YOUR ASSIGNMENT: A verbatim copy of all the data is required; the pictures should not appear in it.

DATASET EXCERPT:
————

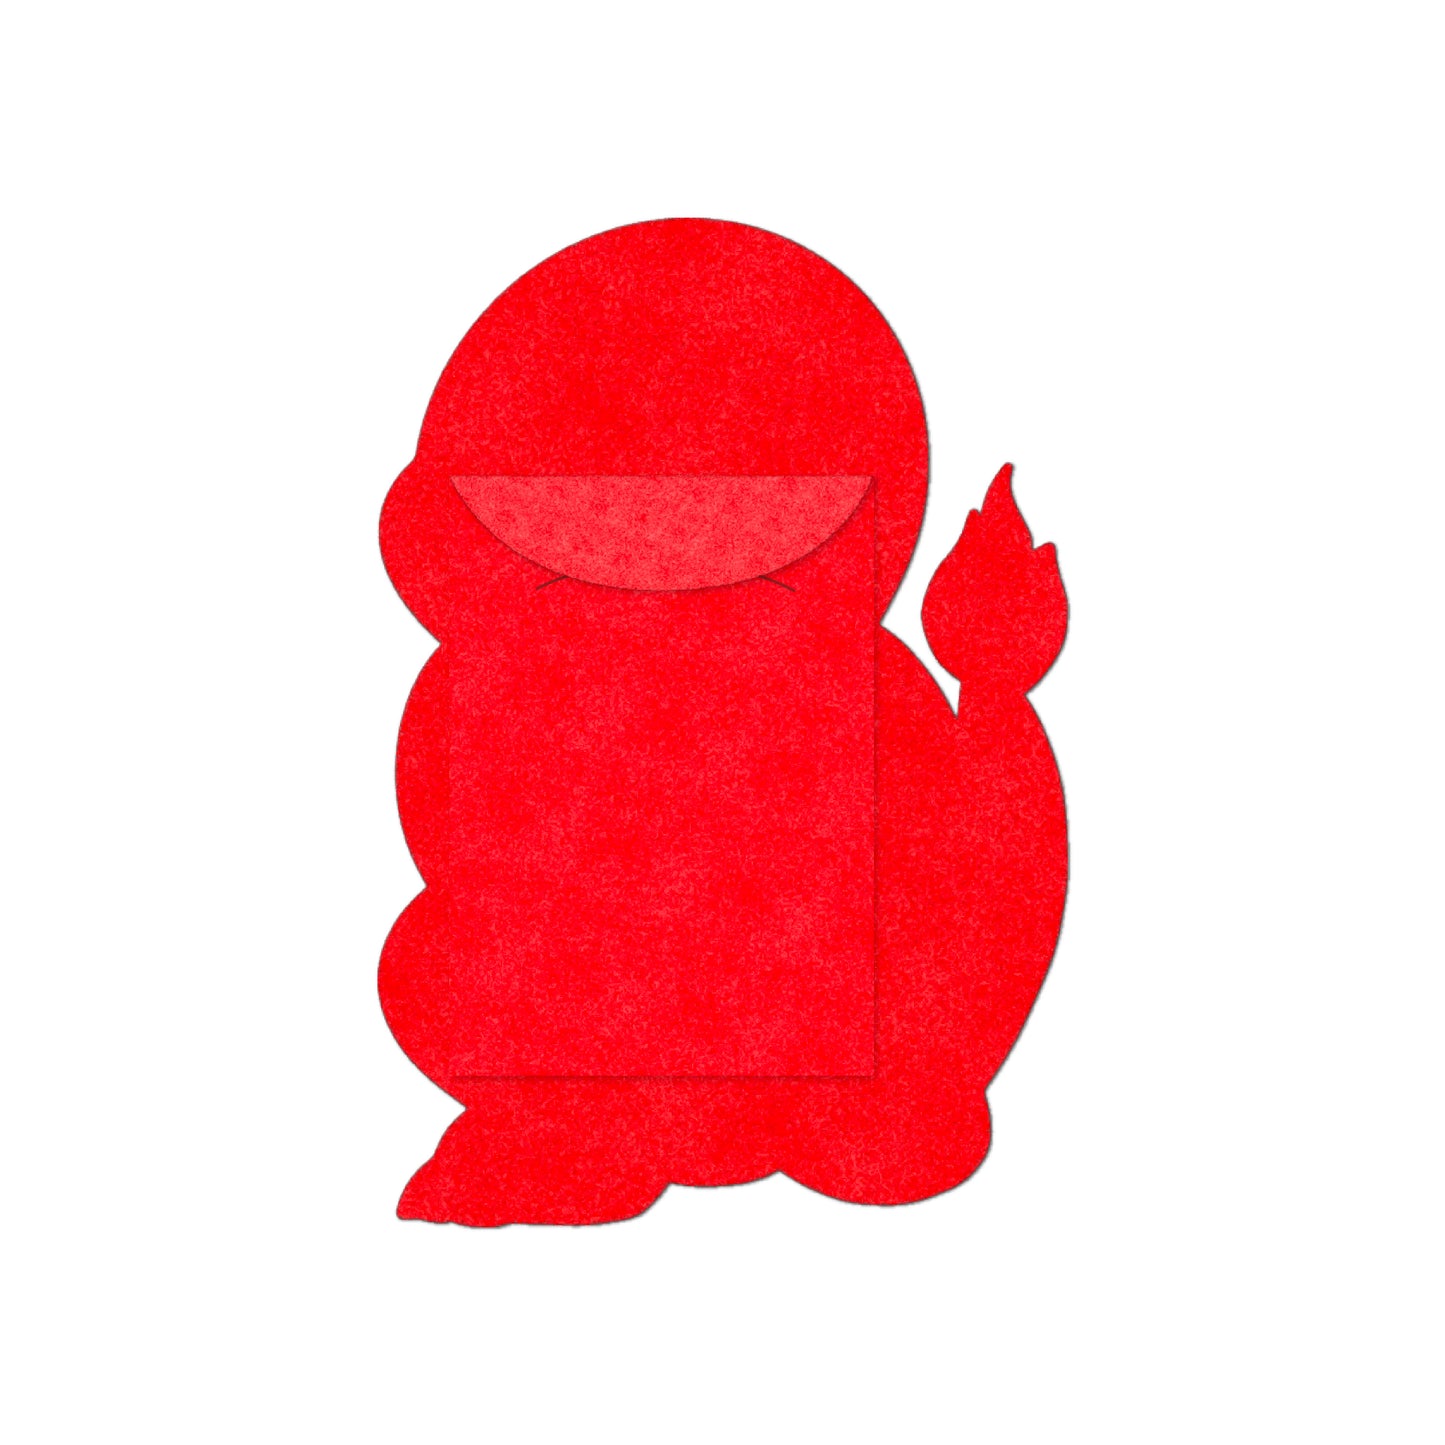 Chunkemon Charmander Red Envelope
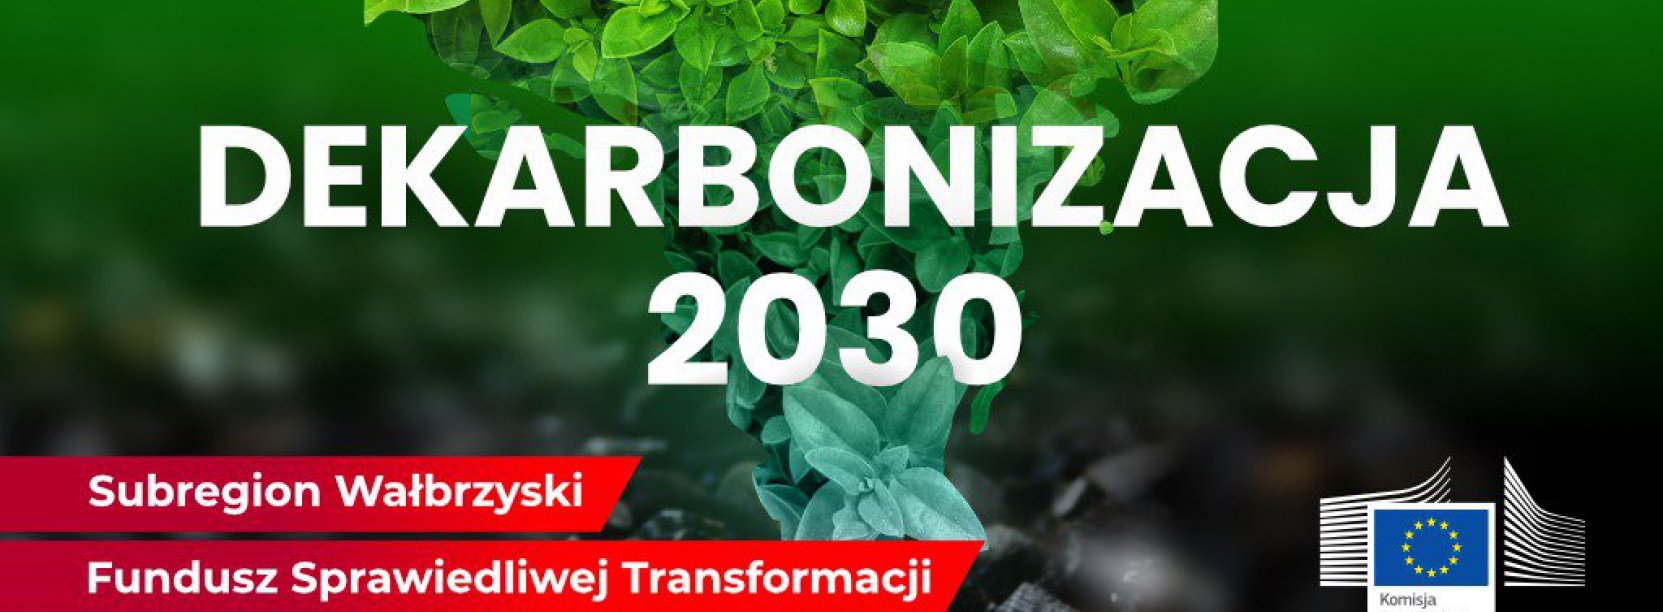 Napis dekarbonizacja, na tle zieleni i węgla
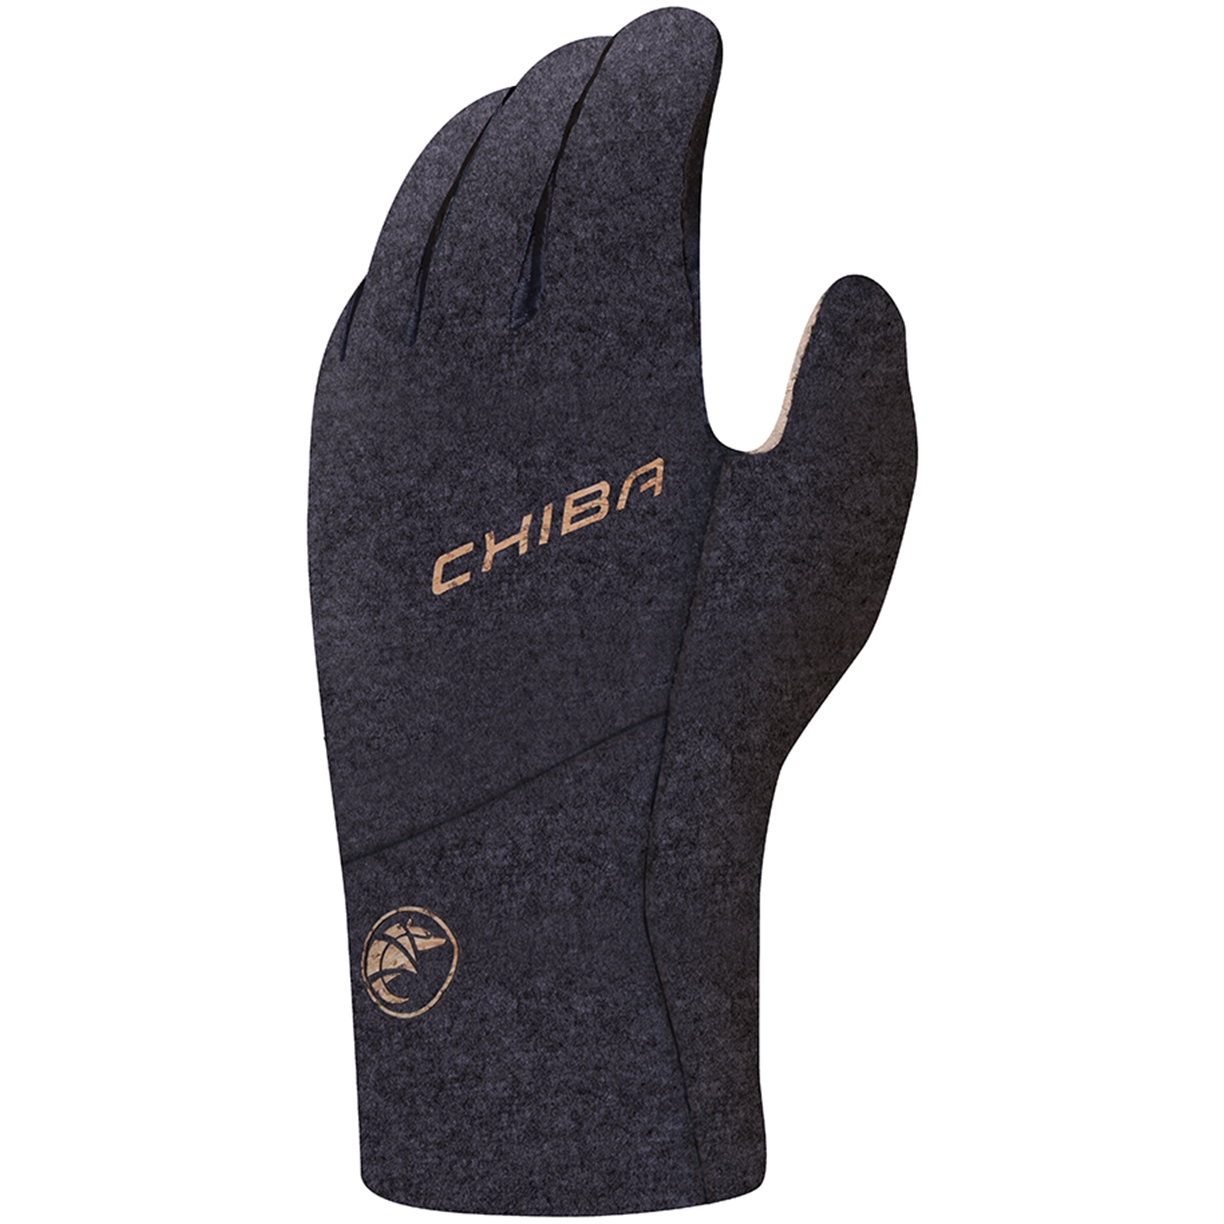 Productfoto van Chiba All Natural Warm Waterproof Fietshandschoenen - zwart
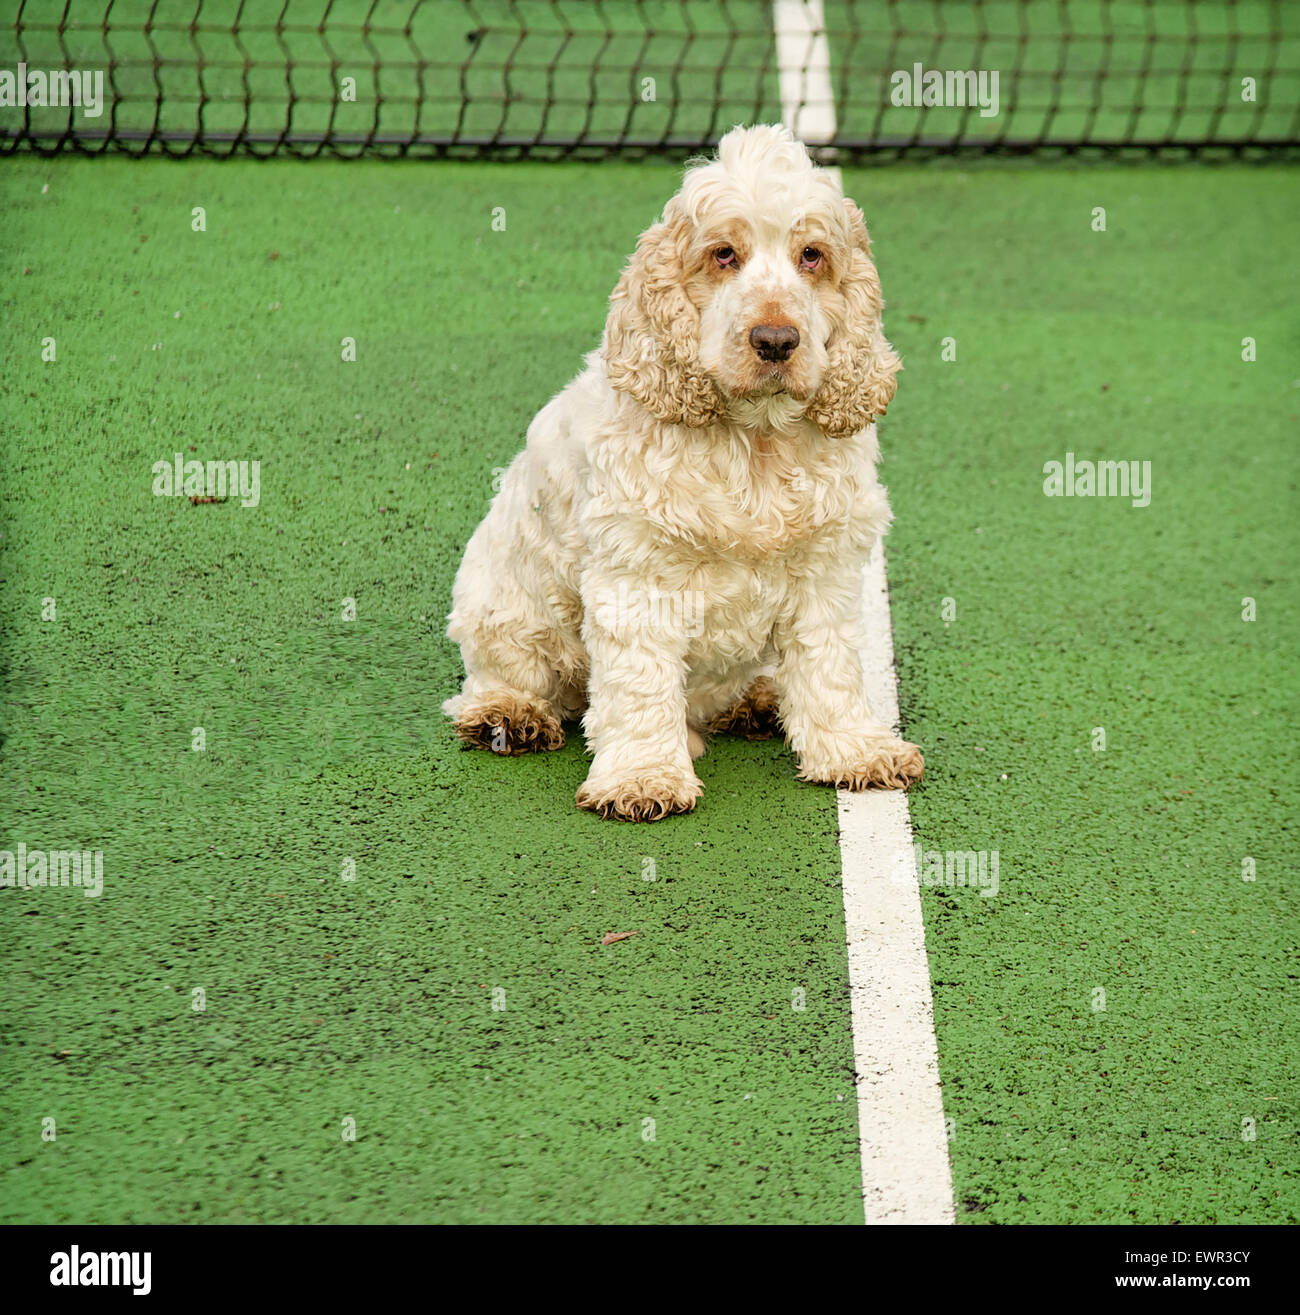 Hund auf Tennis Service Mittellinie direkt in die Kamera schauen.  Cocker Spaniel orange Roan mit Pfote am Centrecourt Linie Stockfoto

————

RESULT FOR THIS EXERCISE:
 Chunkemon Charmander Red Envelope
 Napis dekarbonizacja, na tle zieleni i węgla
 Productfoto van Chiba All Natural Warm Waterproof Fietshandschoenen - zwart
 Hund auf Tennis Service Mittellinie direkt in die Kamera schauen.  Cocker Spaniel orange Roan mit Pfote am Centrecourt Linie Stockfoto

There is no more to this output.